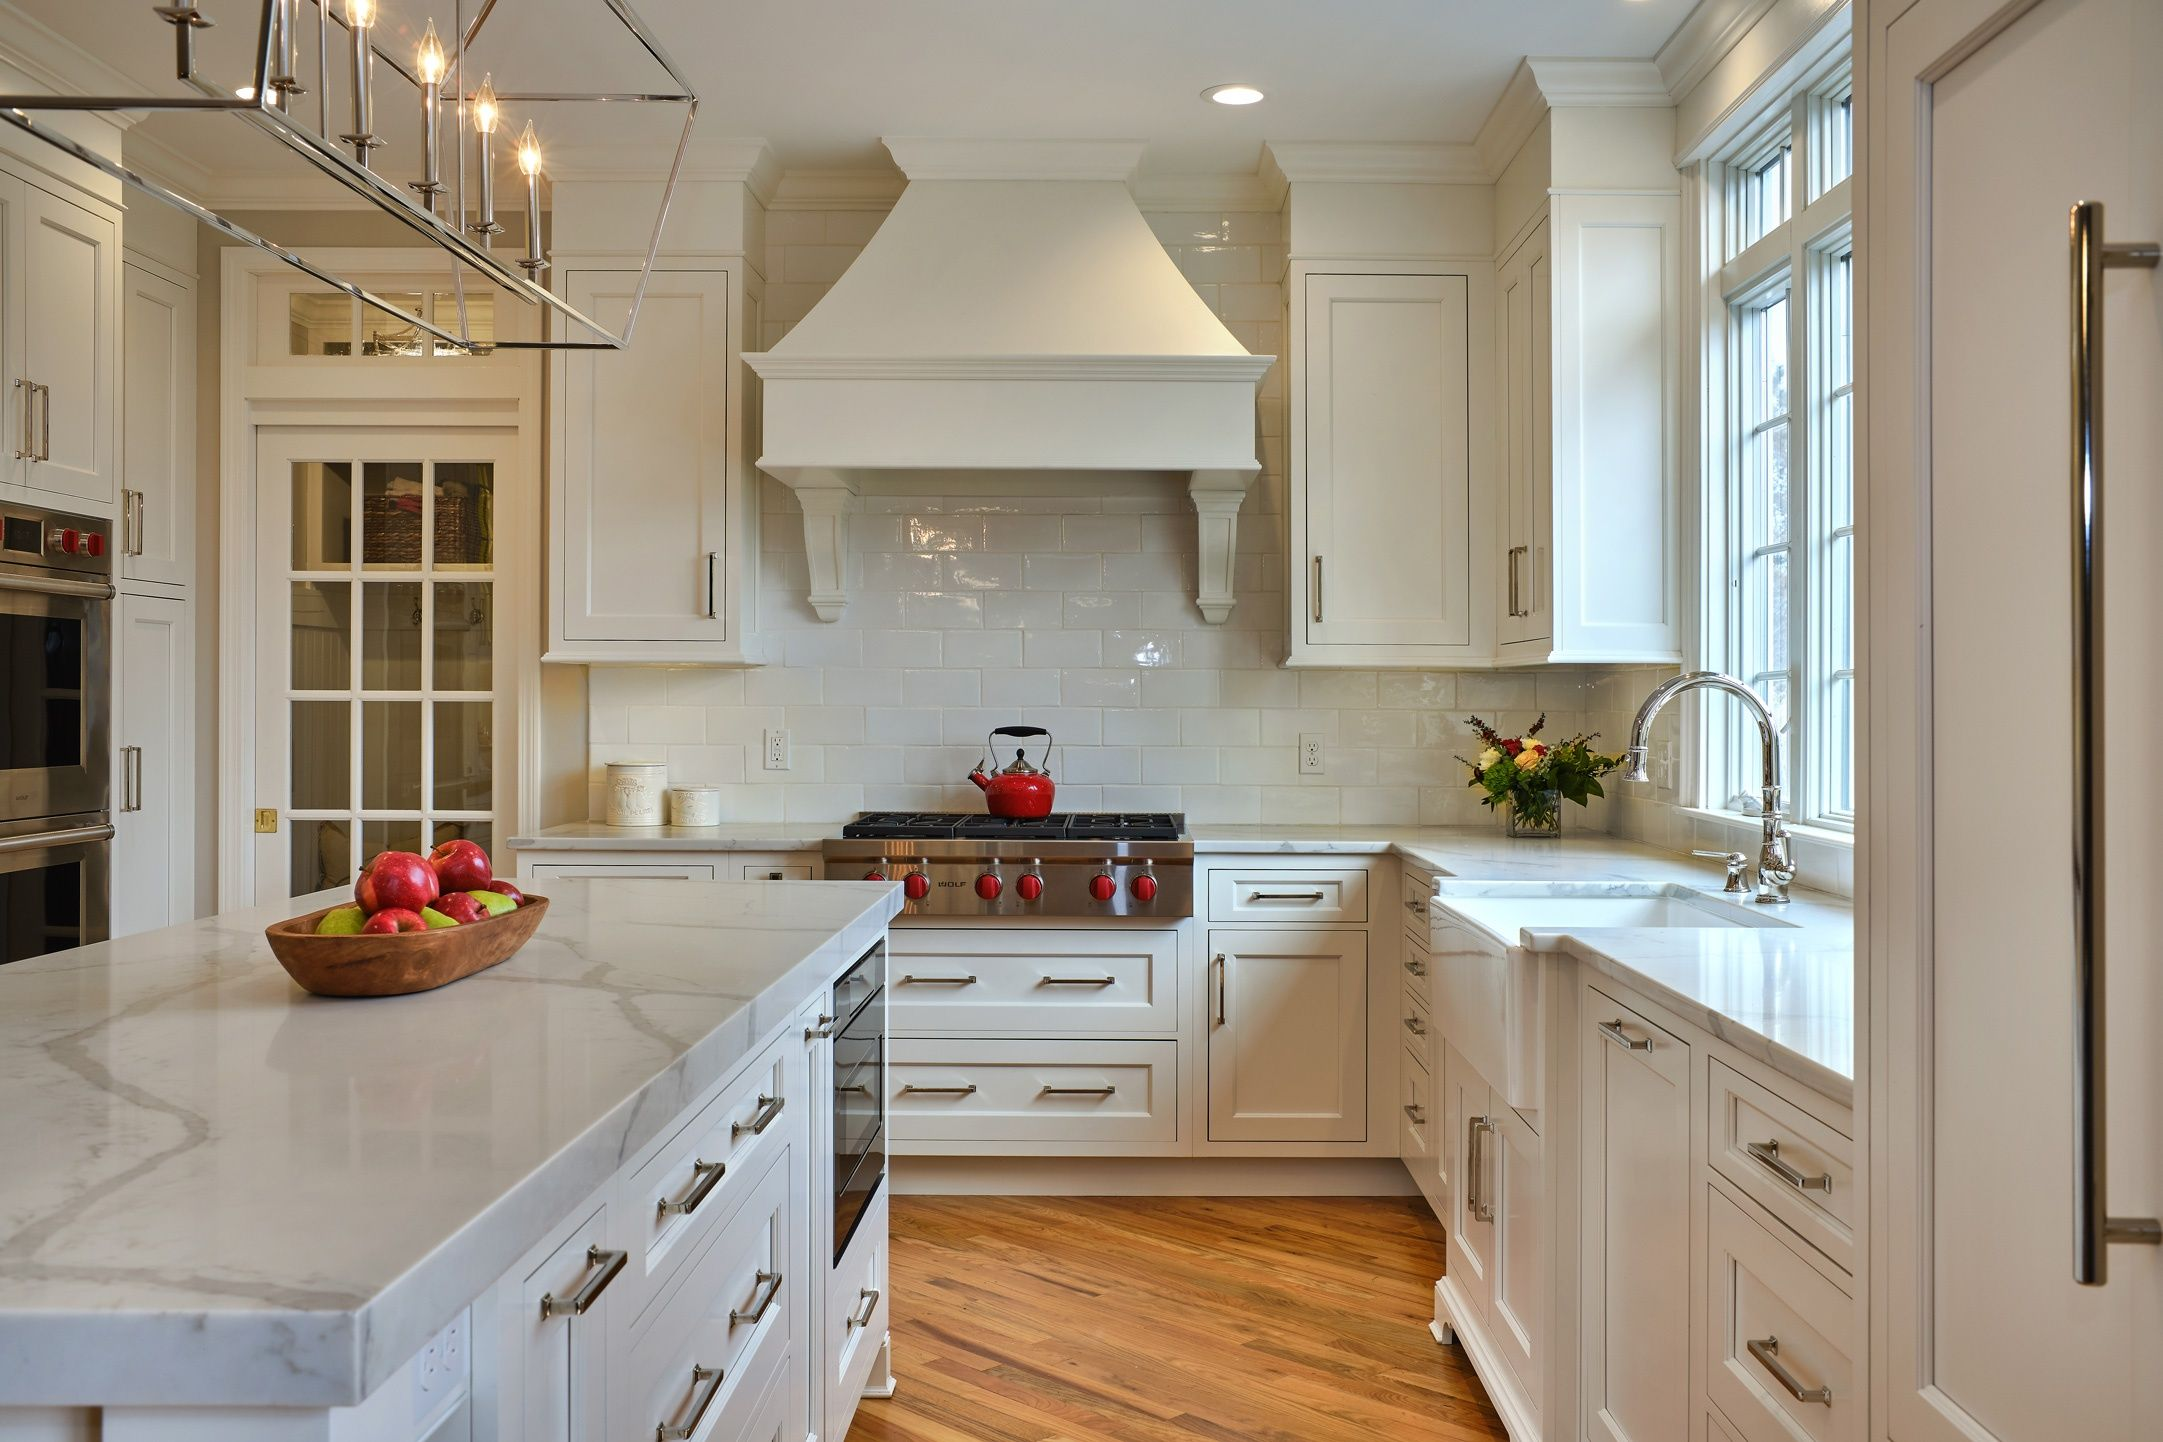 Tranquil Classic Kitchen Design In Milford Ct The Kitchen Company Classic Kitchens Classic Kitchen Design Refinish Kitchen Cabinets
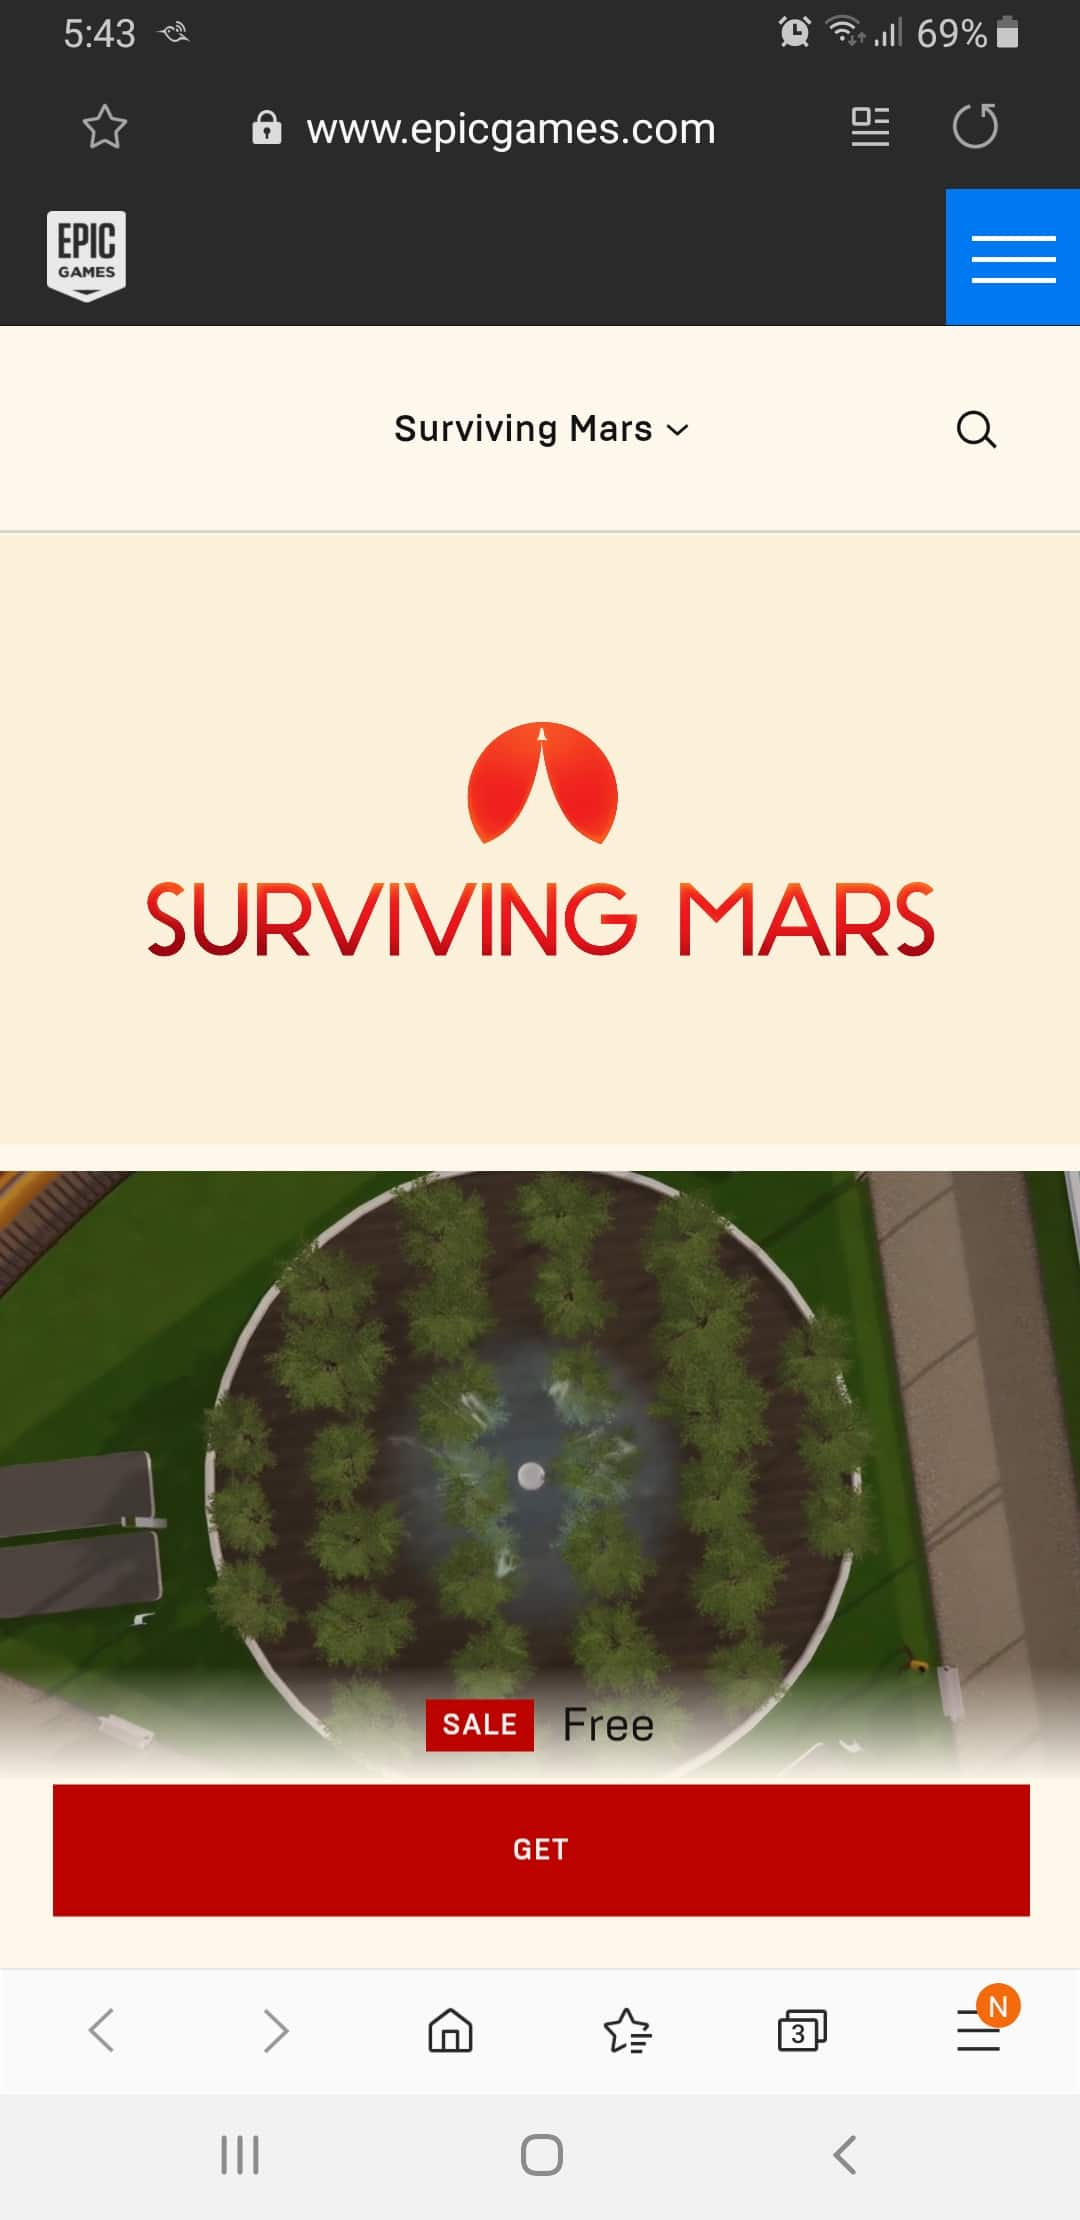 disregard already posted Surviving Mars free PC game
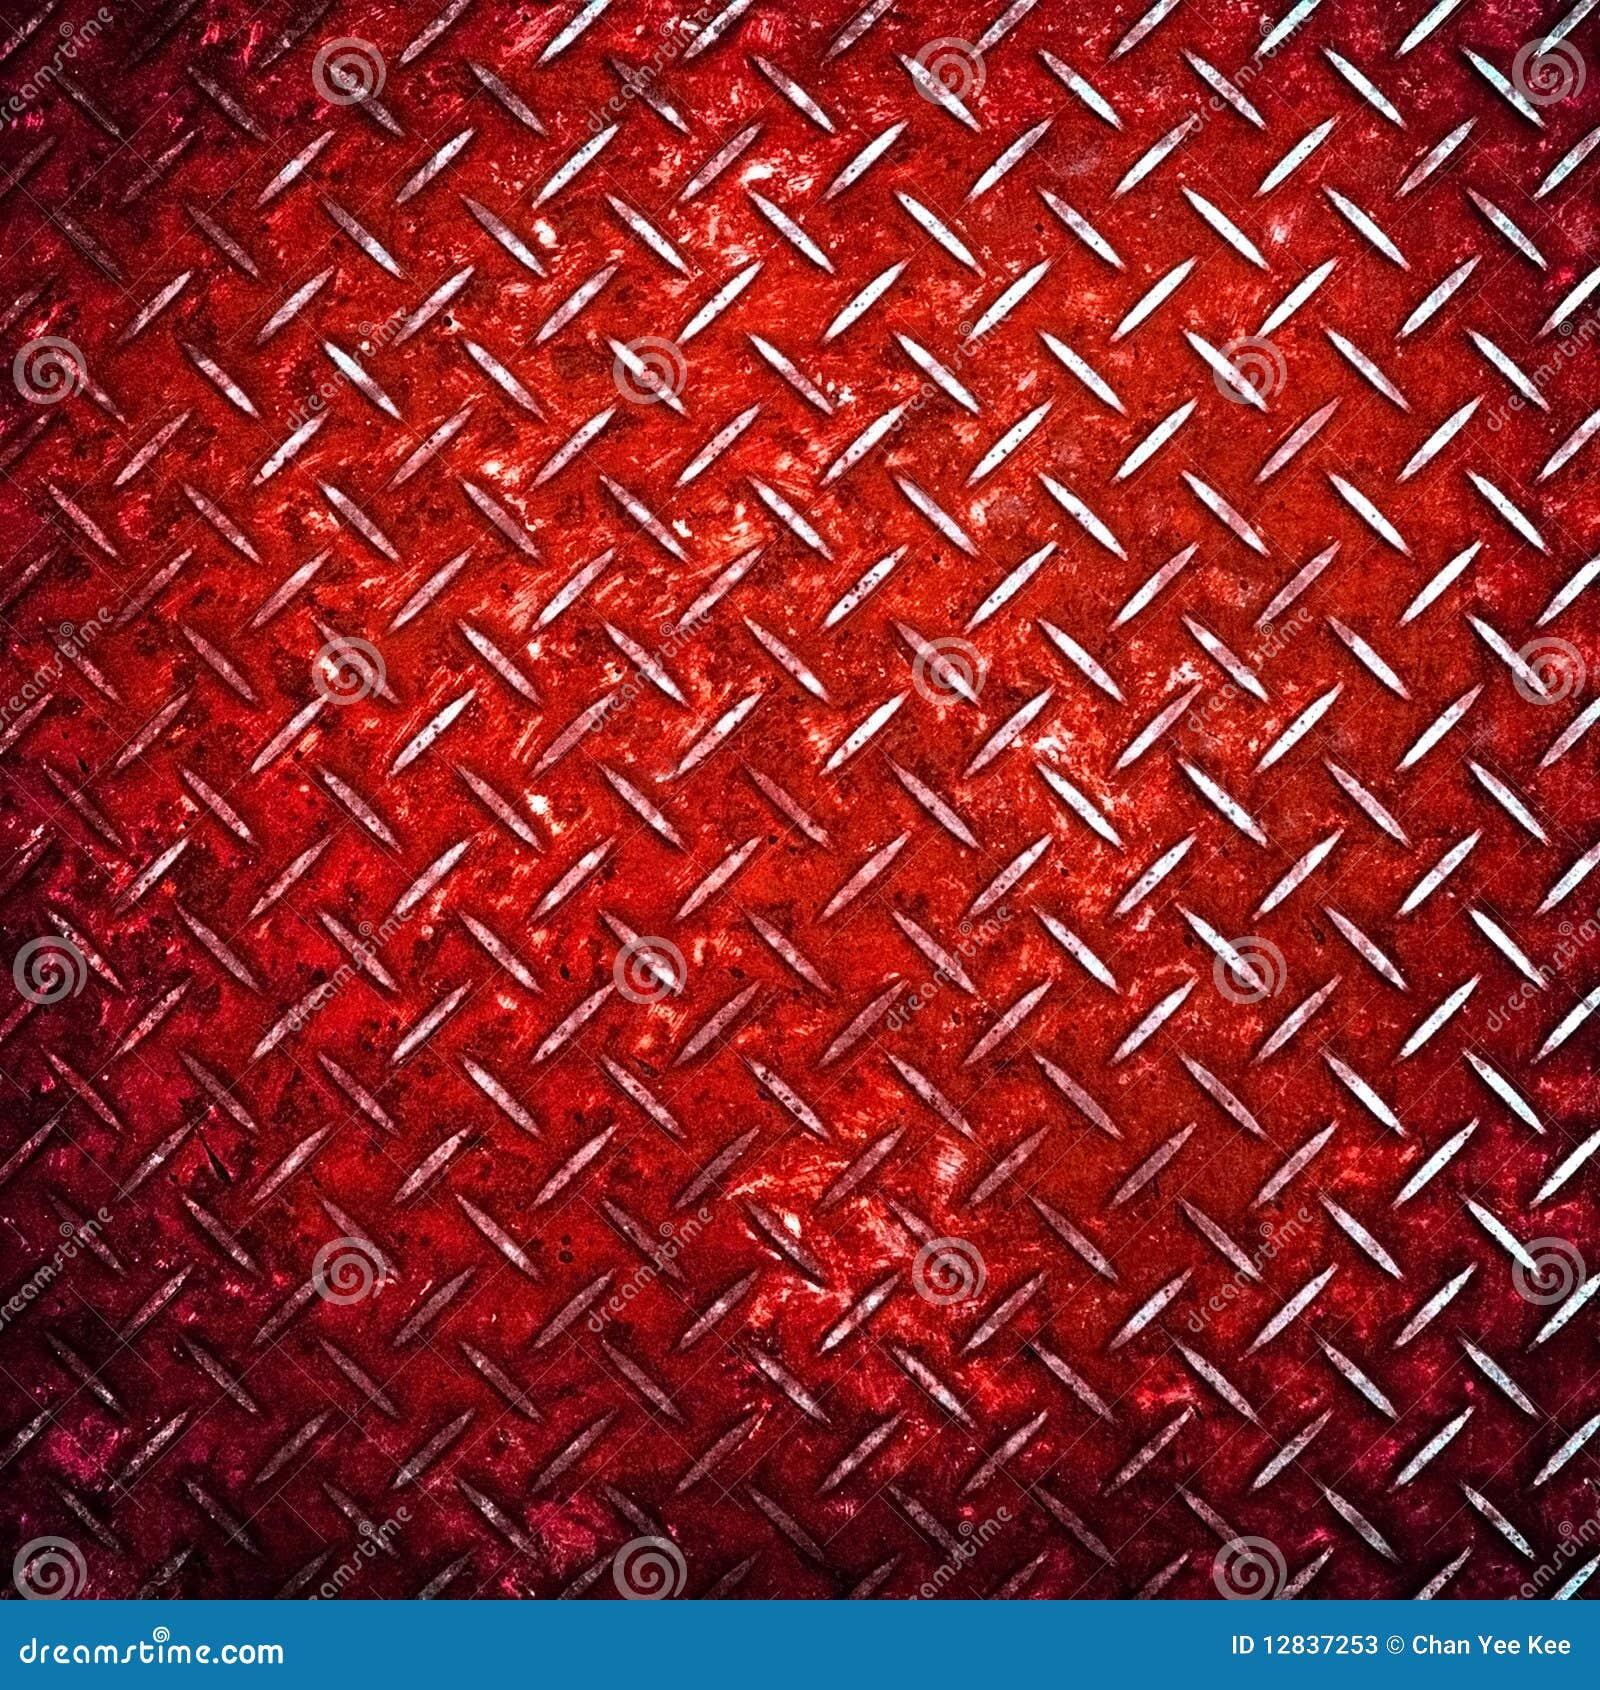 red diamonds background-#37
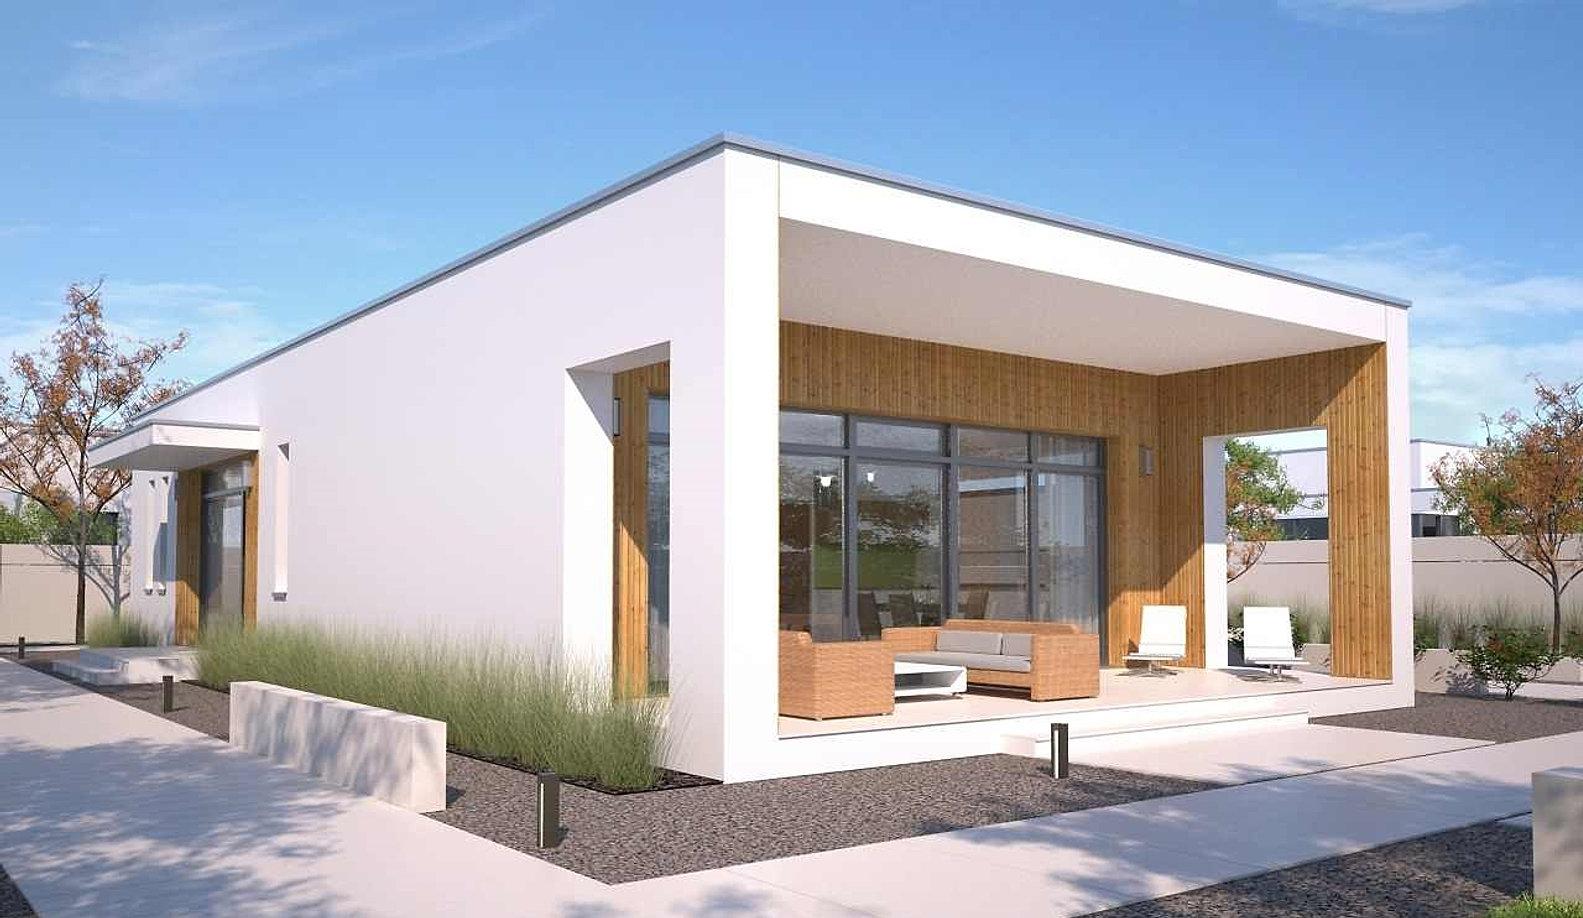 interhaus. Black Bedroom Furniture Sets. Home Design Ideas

----

Only the pictures are to be dropped; return everything else in the listing exactly.

TASK RESPONSE:
 Tranquil Classic Kitchen Design In Milford Ct The Kitchen Company Classic Kitchens Classic Kitchen Design Refinish Kitchen Cabinets
 disregard already posted Surviving Mars free PC game
 red diamonds background-#37
 interhaus. Black Bedroom Furniture Sets. Home Design Ideas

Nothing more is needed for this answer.